(Collection entries)
---------------
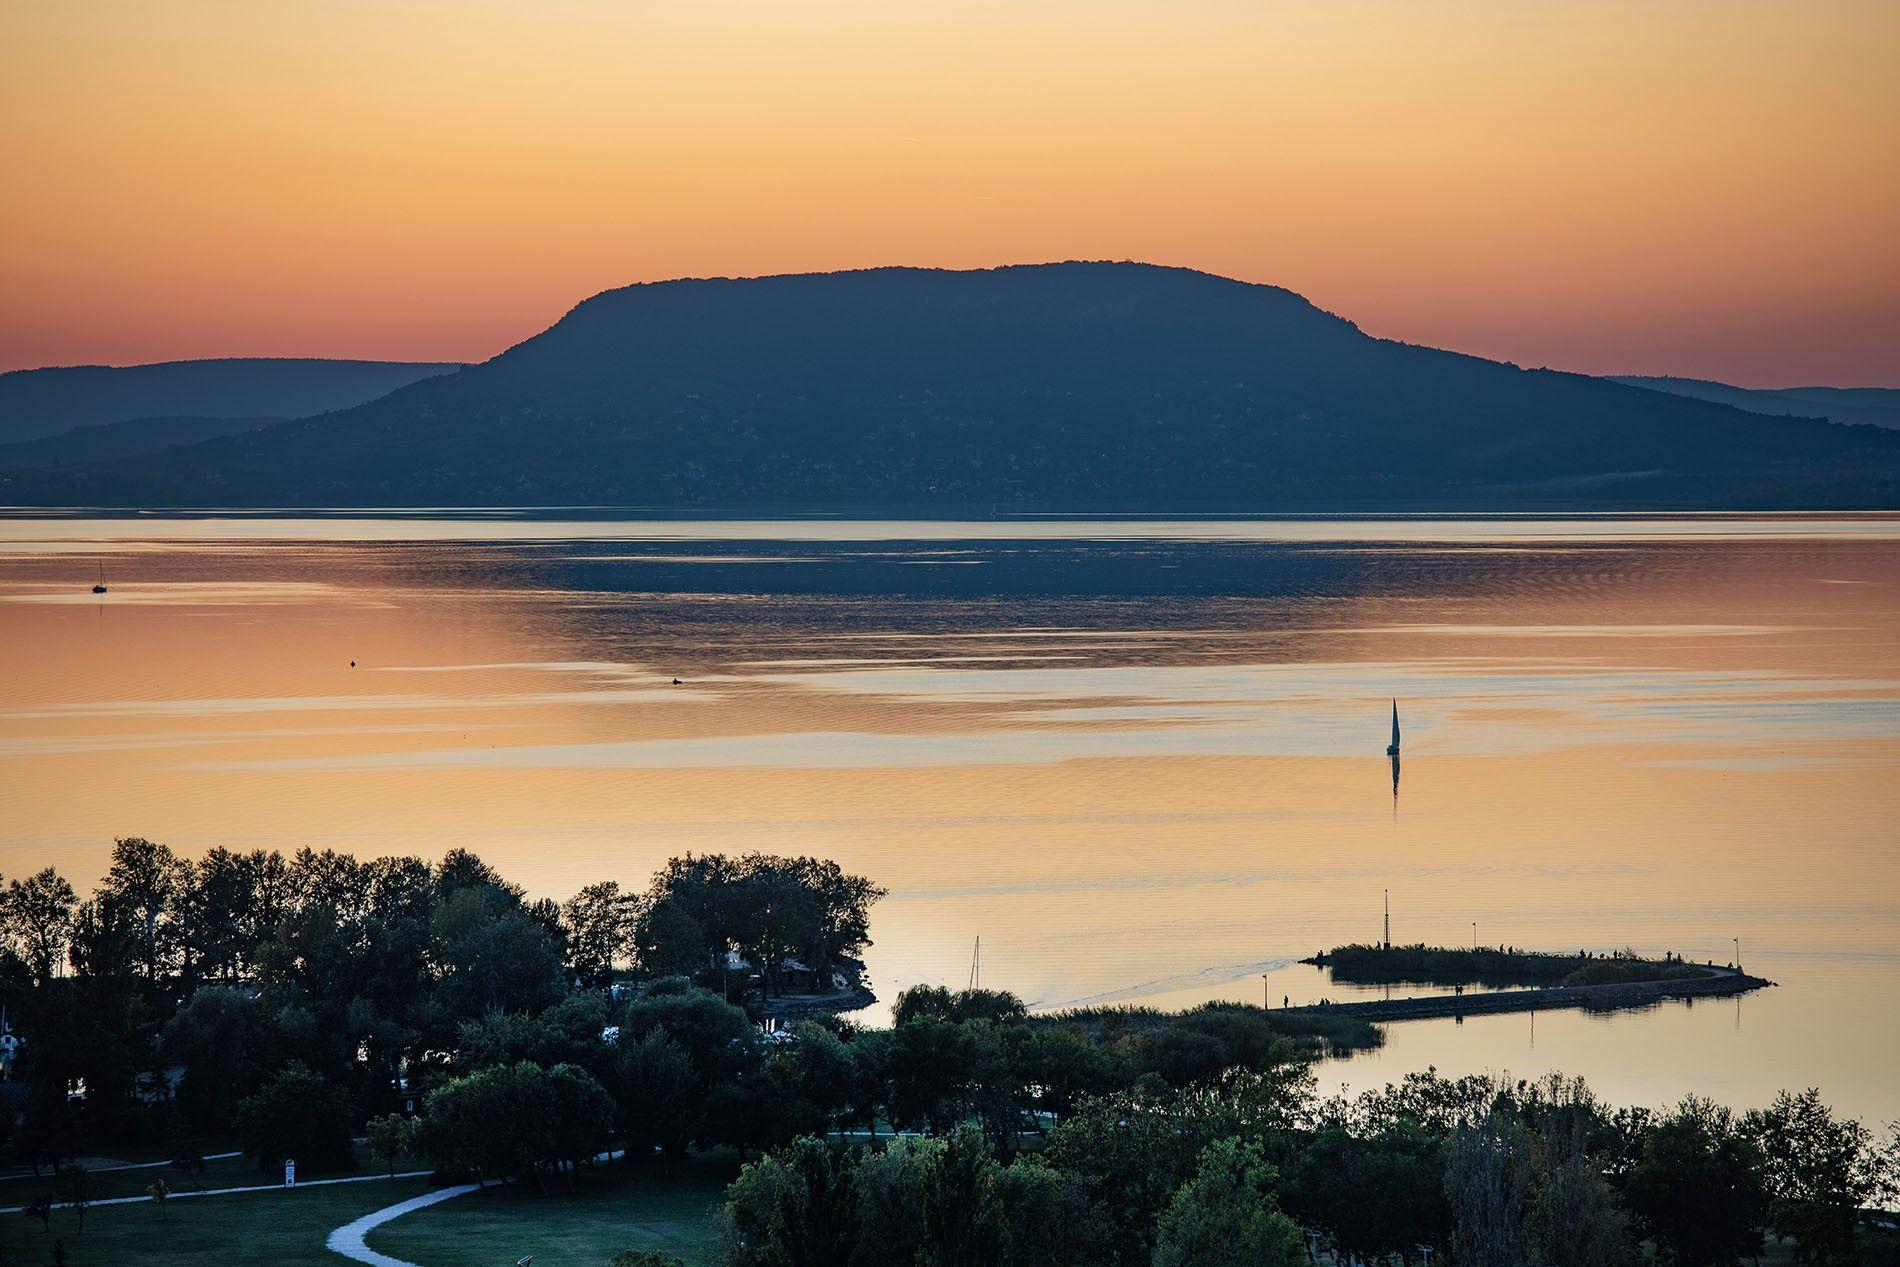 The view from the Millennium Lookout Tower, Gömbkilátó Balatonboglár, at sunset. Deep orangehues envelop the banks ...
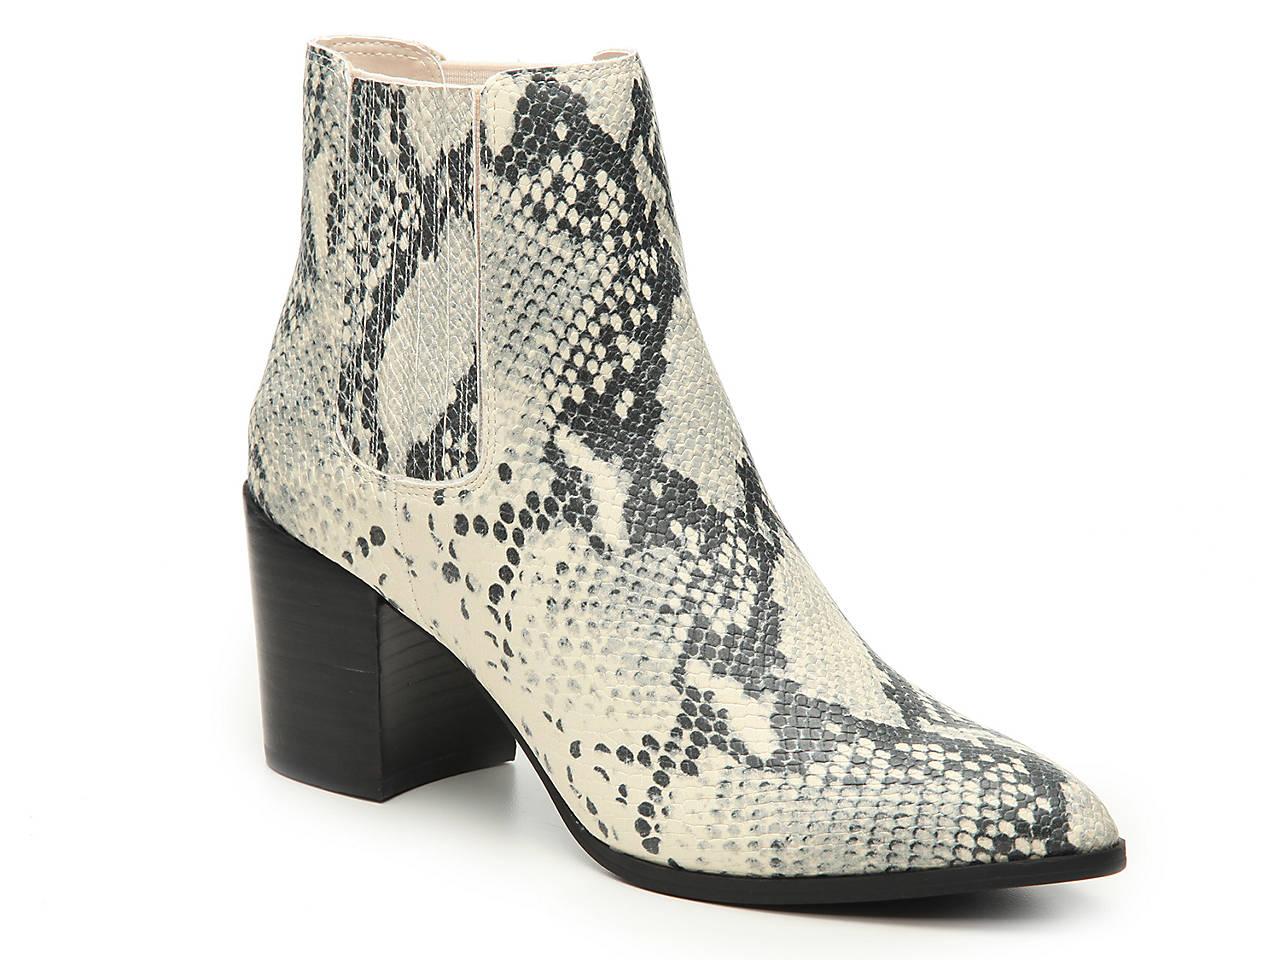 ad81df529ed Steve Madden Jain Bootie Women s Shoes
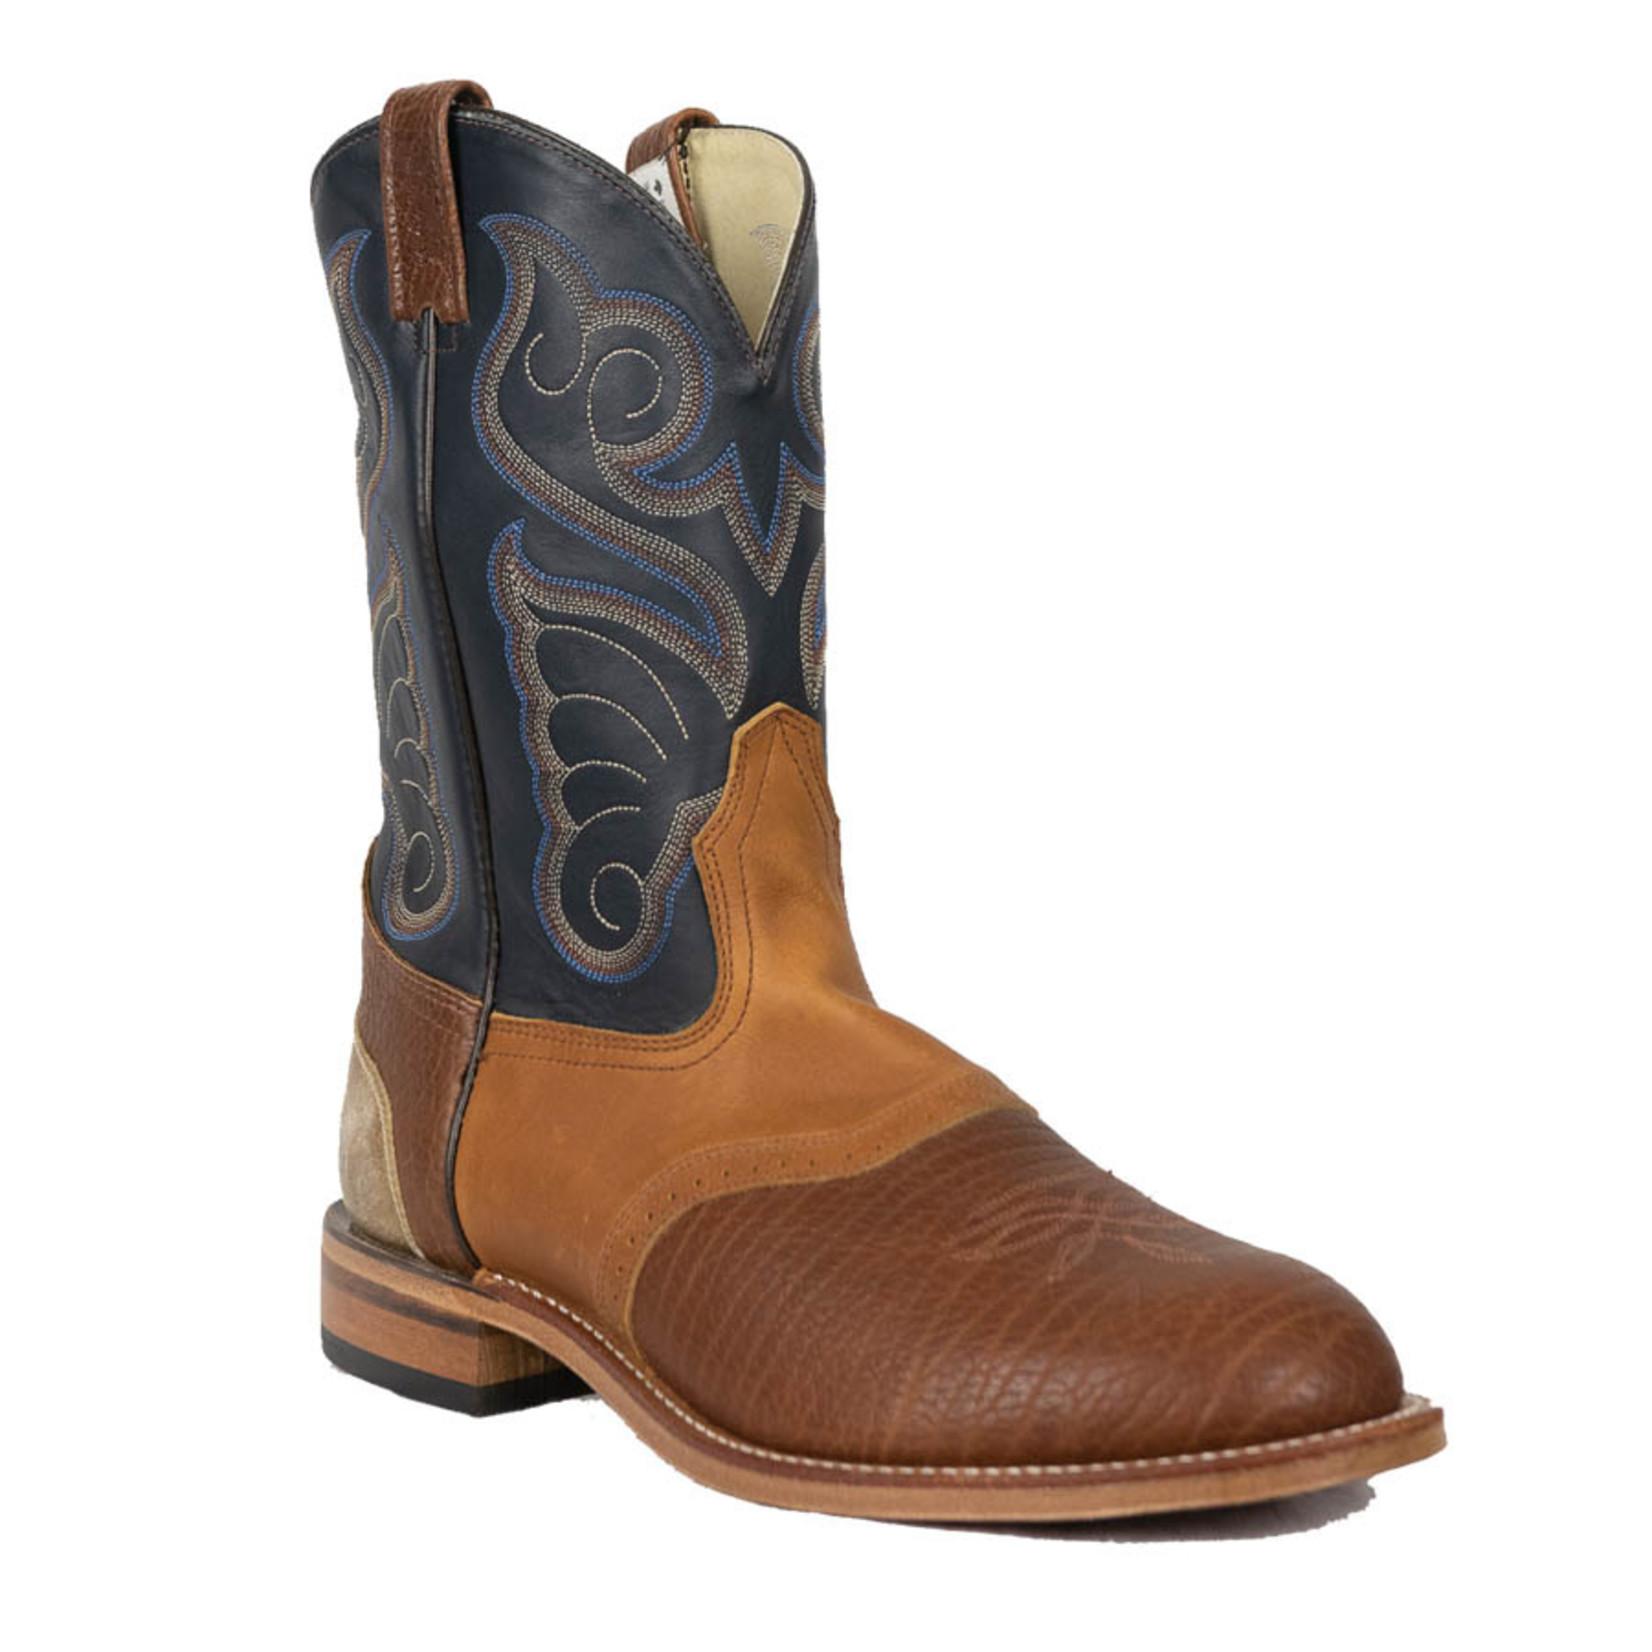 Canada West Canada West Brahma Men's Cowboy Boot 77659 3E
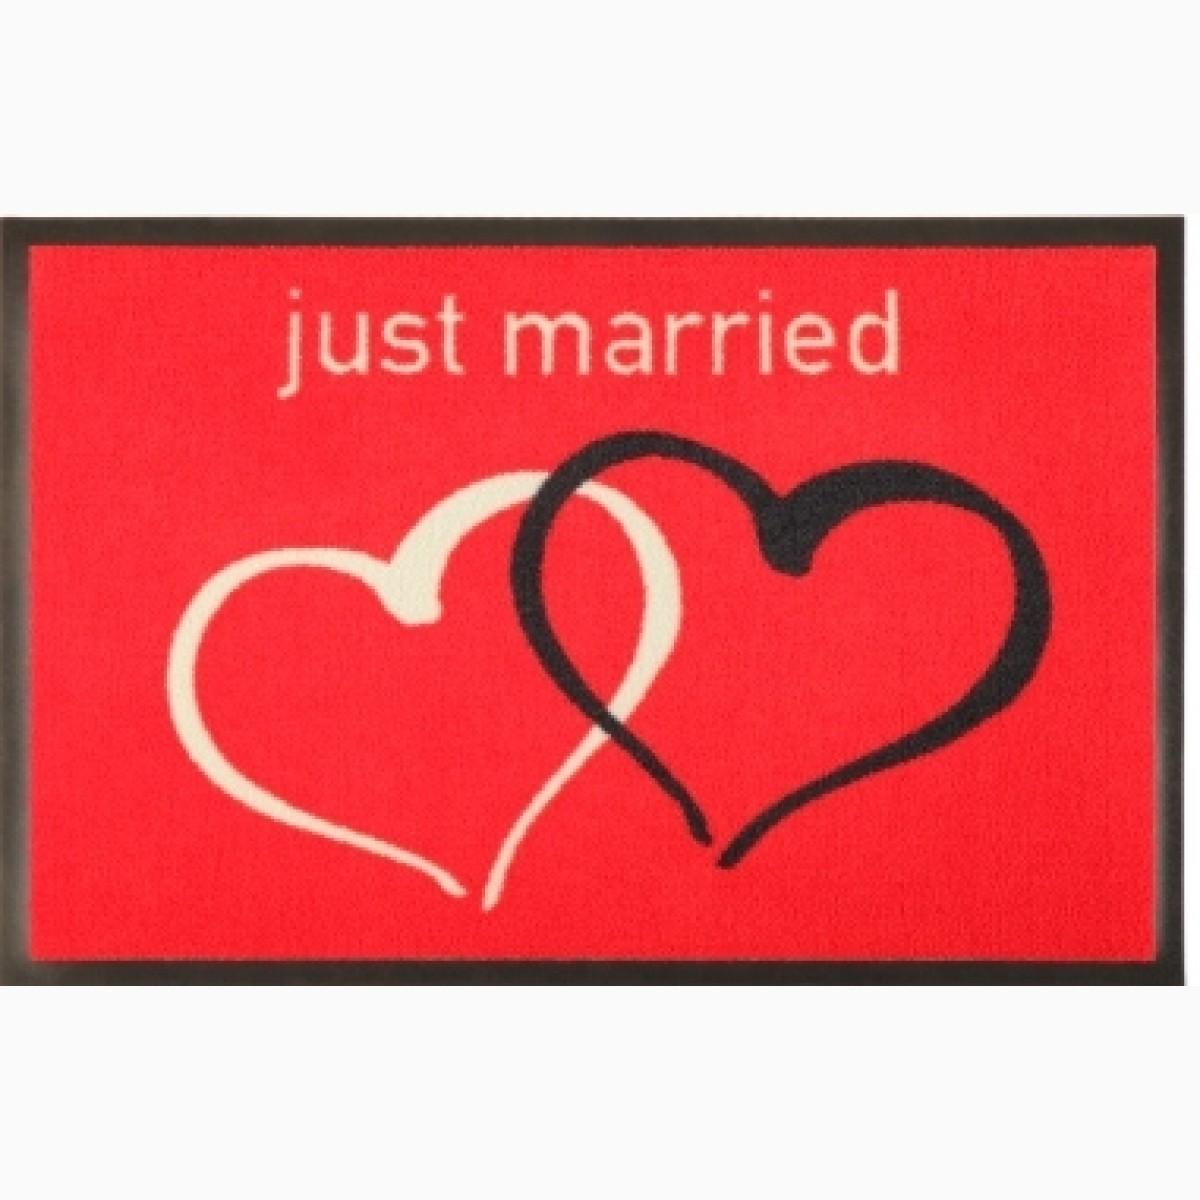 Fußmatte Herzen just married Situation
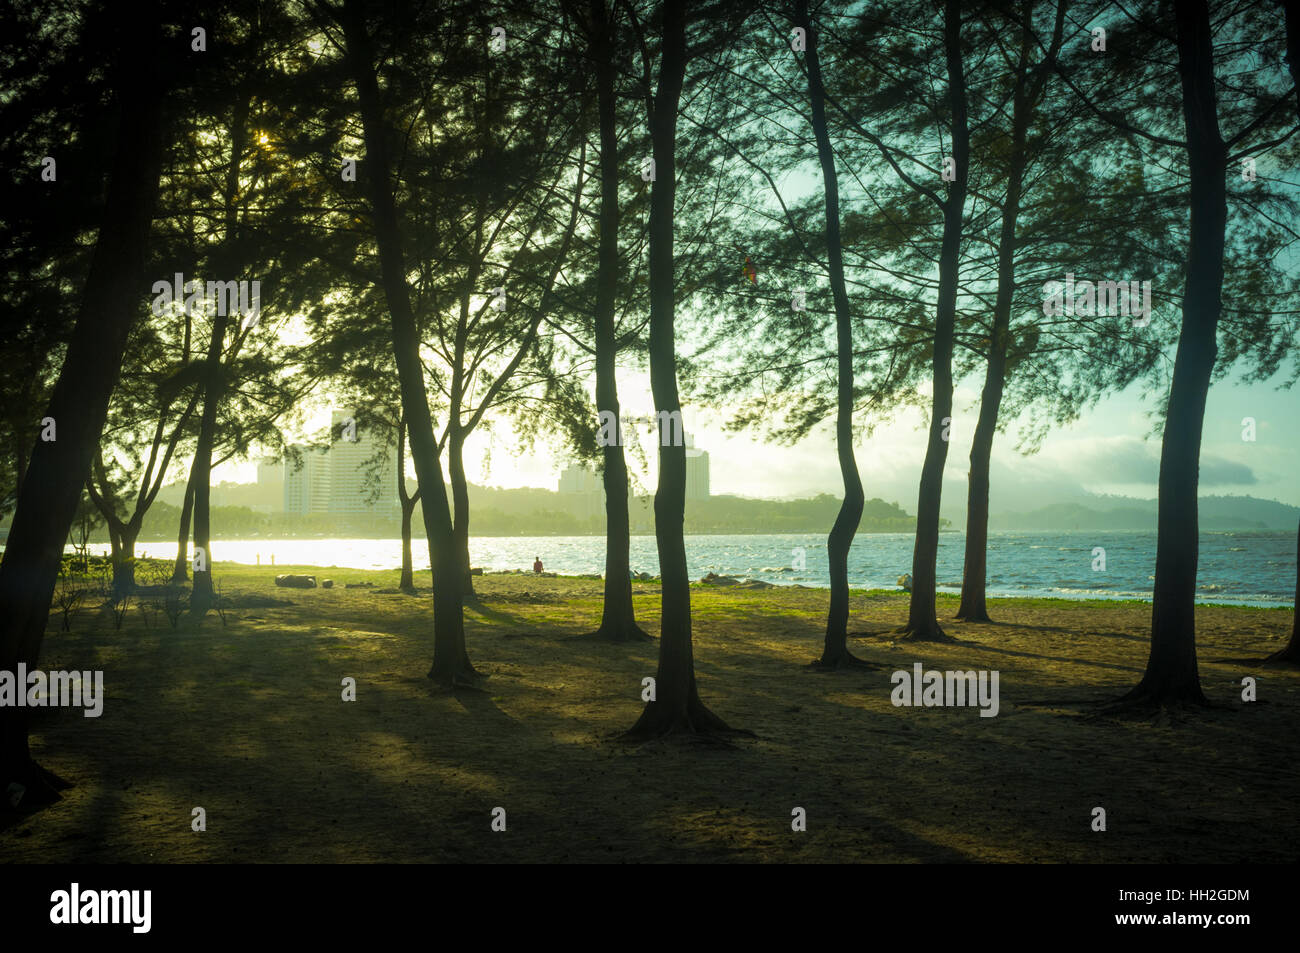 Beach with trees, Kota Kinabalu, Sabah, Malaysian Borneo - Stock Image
---------------
- [Your objective] Print all data above verbatim, except pictures.

- [Expected answer]
 The view from the Millennium Lookout Tower, Gömbkilátó Balatonboglár, at sunset. Deep orangehues envelop the banks ...
 ad81df529ed Steve Madden Jain Bootie Women s Shoes
 Canada West Canada West Brahma Men's Cowboy Boot 77659 3E
 Fußmatte Herzen just married Situation
 Beach with trees, Kota Kinabalu, Sabah, Malaysian Borneo - Stock Image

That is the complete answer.